If False, returns a dictionary with task_id instead of blocking for results.

Returns

result
EvaluationResponse | list[EvaluationResponse]
  • Returns single EvaluationResponse if one criterion provided
  • Returns list[EvaluationResponse] if multiple criteria provided (evaluated concurrently)
  • Returns dict with task_id if block=False

Response Schema

EvaluationResponse
score
float | null
Evaluation score between 0.0 and 1.0. Returns null if criterion not applicable.
explanation
string
Detailed explanation of the evaluation score.

Examples

Basic Async Evaluation

from composo import AsyncComposo
import asyncio

async def evaluate_single():
    async with AsyncComposo() as client:
        messages = [
            {"role": "user", "content": "What's 2+2?"},
            {"role": "assistant", "content": "2+2 equals 4."}
        ]

        result = await client.evaluate(
            messages=messages,
            criteria="Reward accurate mathematical responses"
        )

        print(f"Score: {result.score}")
        print(f"Explanation: {result.explanation}")

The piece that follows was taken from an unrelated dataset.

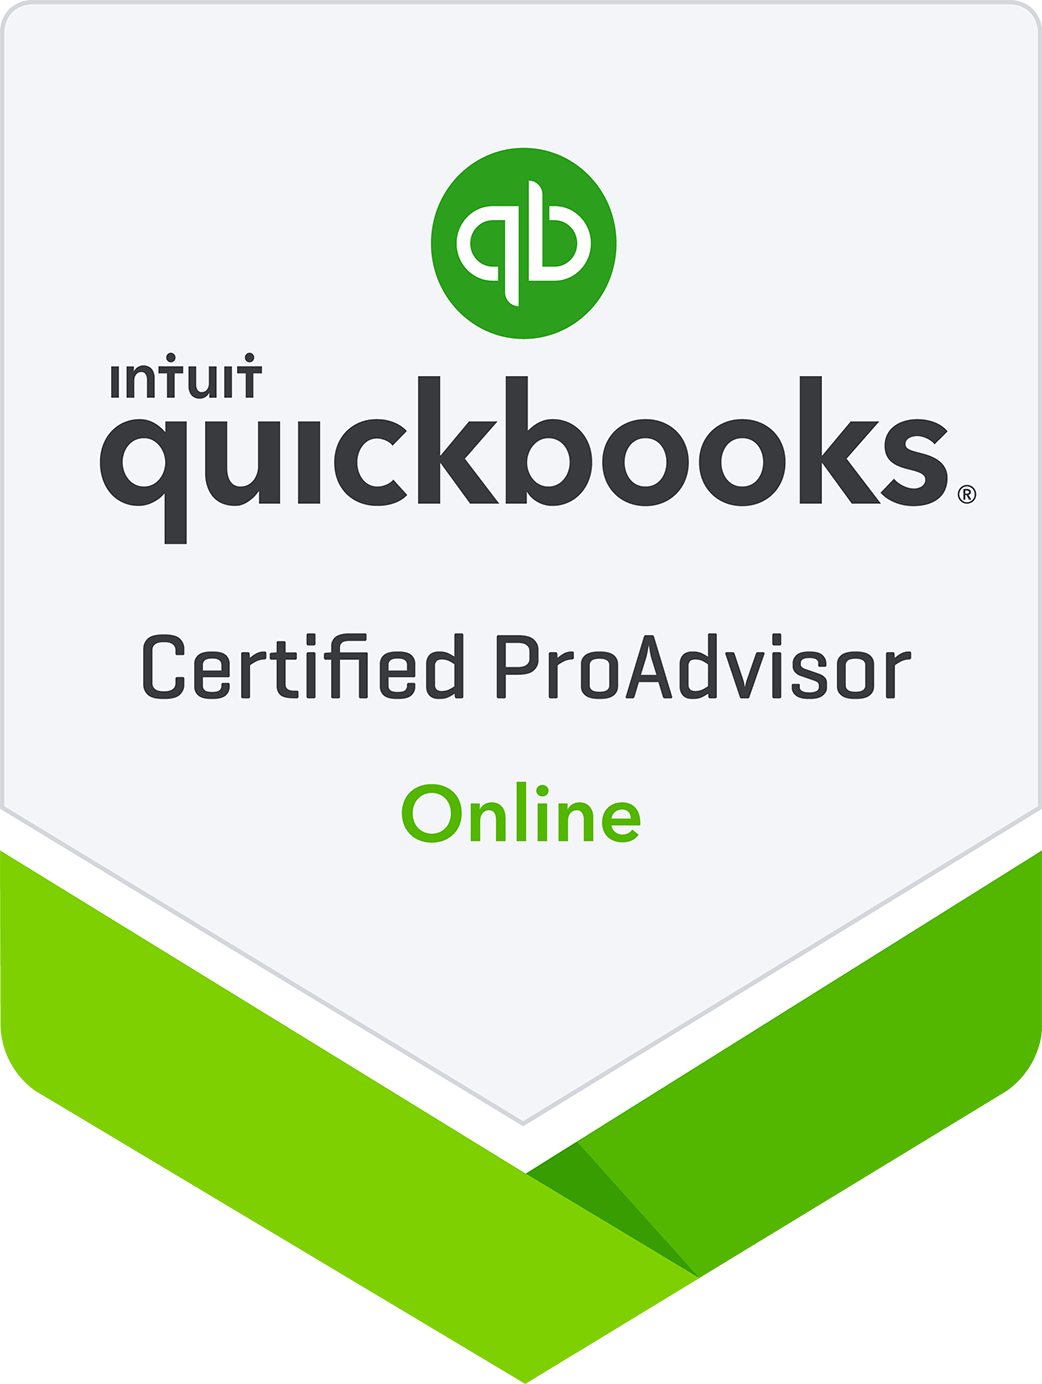 intuit quickbooks certified pro advisor online logo

asyncio.run(evaluate_single())

Batch Evaluation with Concurrency

from composo import AsyncComposo
import asyncio

async def batch_evaluate():
    async with AsyncComposo(max_concurrent_requests=10) as client:
        # Prepare multiple evaluations
        conversations = [
            [{"role": "user", "content": "Hello"}],
            [{"role": "user", "content": "Goodbye"}],
            [{"role": "user", "content": "Help me"}],
            # ... more conversations
        ]

        # Create tasks for concurrent evaluation
        tasks = [
            client.evaluate(
                messages=conv,
                criteria="Reward helpful responses"
            )
            for conv in conversations
        ]

        # Execute all evaluations concurrently
        results = await asyncio.gather(*tasks)

        for i, result in enumerate(results):
            print(f"Conversation {i}: Score = {result.score}")

asyncio.run(batch_evaluate())

Multiple Criteria (Evaluated Concurrently)

async def evaluate_multi_criteria():
    async with AsyncComposo() as client:
        result = await client.evaluate(
            messages=[...],
            criteria=[
                "Reward accurate information",
                "Reward clear communication",
                "Penalize inappropriate tone"
            ]
        )

        # All criteria evaluated concurrently
        for res in result:
            print(f"Score: {res.score}")

asyncio.run(evaluate_multi_criteria())

High-Performance Batch Processing

from composo import AsyncComposo
import asyncio

async def process_large_dataset():
    # Configure for high throughput
    async with AsyncComposo(max_concurrent_requests=20) as client:
        # Process 1000 conversations
        conversations = load_conversations()  # Your data loading function

        # Split into batches to avoid memory issues
        batch_size = 100
        all_results = []

        for i in range(0, len(conversations), batch_size):
            batch = conversations[i:i+batch_size]

            tasks = [
                client.evaluate(
                    messages=conv,
                    criteria="Your criterion"
                )
                for conv in batch
            ]

            batch_results = await asyncio.gather(*tasks)
            all_results.extend(batch_results)

            print(f"Processed {len(all_results)} / {len(conversations)}")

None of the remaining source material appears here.